China’s trademark office, CNIPA, was the most active trademark registry globally in 2021 with over nine million filings, followed by the USPTO.
However, Clarivate’s report noted that 2021 marked the first year in over a decade when the annual filing volume at CNIPA did not see double-digit growth, and that filing activity has been declining since the second quarter of 2021.
The report said that the 10 most active registries accounted for 87% of all trademark applications filed globally.
WTO releases COVID vaccine waiver draft agreed by key parties
The World Trade Organization released the latest version of the patent waiver proposal for COVID-19 vaccines agreed between the EU, India, South Africa, and the US on Tuesday, May 3.
According to the draft proposal, “all developing country members” of the WTO would be eligible to use the waiver to frame national laws for licensing patents covering COVID-19 vaccines.
The document also revealed that the key negotiating parties had yet to agree on certain aspects of the deal, including whether the waiver should last for three or five years.
Ngozi Okonjo-Iweala, who assumed office as the director-general of WTO in March 2021, has made vaccine equity her top focus and has been trying to broker a deal between the four negotiating parties for months.
A closed-door meeting will be held in Geneva today, May 6, and all 164 members of the WTO must agree to the deal for it to pass.
Some countries, such as the UK and Switzerland, as well as members of the pharmaceutical industry, have lobbied against the patent waiver proposal in the past.

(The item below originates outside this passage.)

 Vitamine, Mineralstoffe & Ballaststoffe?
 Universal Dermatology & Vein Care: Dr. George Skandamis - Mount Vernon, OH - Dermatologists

IBM sues Farmville developer over data patents
IBM filed a patent infringement suit against the video game developer behind games such as Farmville and Words with Friends in a Delaware federal court on Monday, May 2.
The US technology company claimed that Zynga has used technology originally developed by IBM for its online service Prodigy, which was described in the suit as a “forerunner to today’s internet”.
Zynga’s business model relies largely on monetising its games through the processing of user data, including targeted advertising.
IBM claimed Zynga has used patented data analytics techniques without permission, helping it achieve revenues of almost $2 billion.
“Like other modern technology companies, Zynga recognised IBM’s expertise in the field and decided to incorporate IBM’s prior innovations in big data, analytics, and online advertising instead of spending the time and money to develop its own techniques,” the complaint said.
“As Zynga’s business has developed, it has continued to incorporate additional innovations pioneered by IBM," it added. "But unlike dozens of Zynga’s peers in the industry, Zynga does not have a licence to use IBM’s patents.”
According to the suit, Zynga and its subsidiary Chartboost infringed four IBM-owned patents covering technology developed for Prodigy.
Prodigy was a joint venture with broadcaster CBS and retailer Sears, offering subscribers a range of networked and telecoms services.
The patents-in-suit cover technologies including methods for improving network processing times and allowing more users to access the network.
IBM claimed it notified Zynga of its infringement as far back as 2014, and has been trying to negotiate a licence since then.
Zynga could soon be part of video game company Take-Two Interactive, which announced in January its plans to buy the video game developer for $12.7 billion.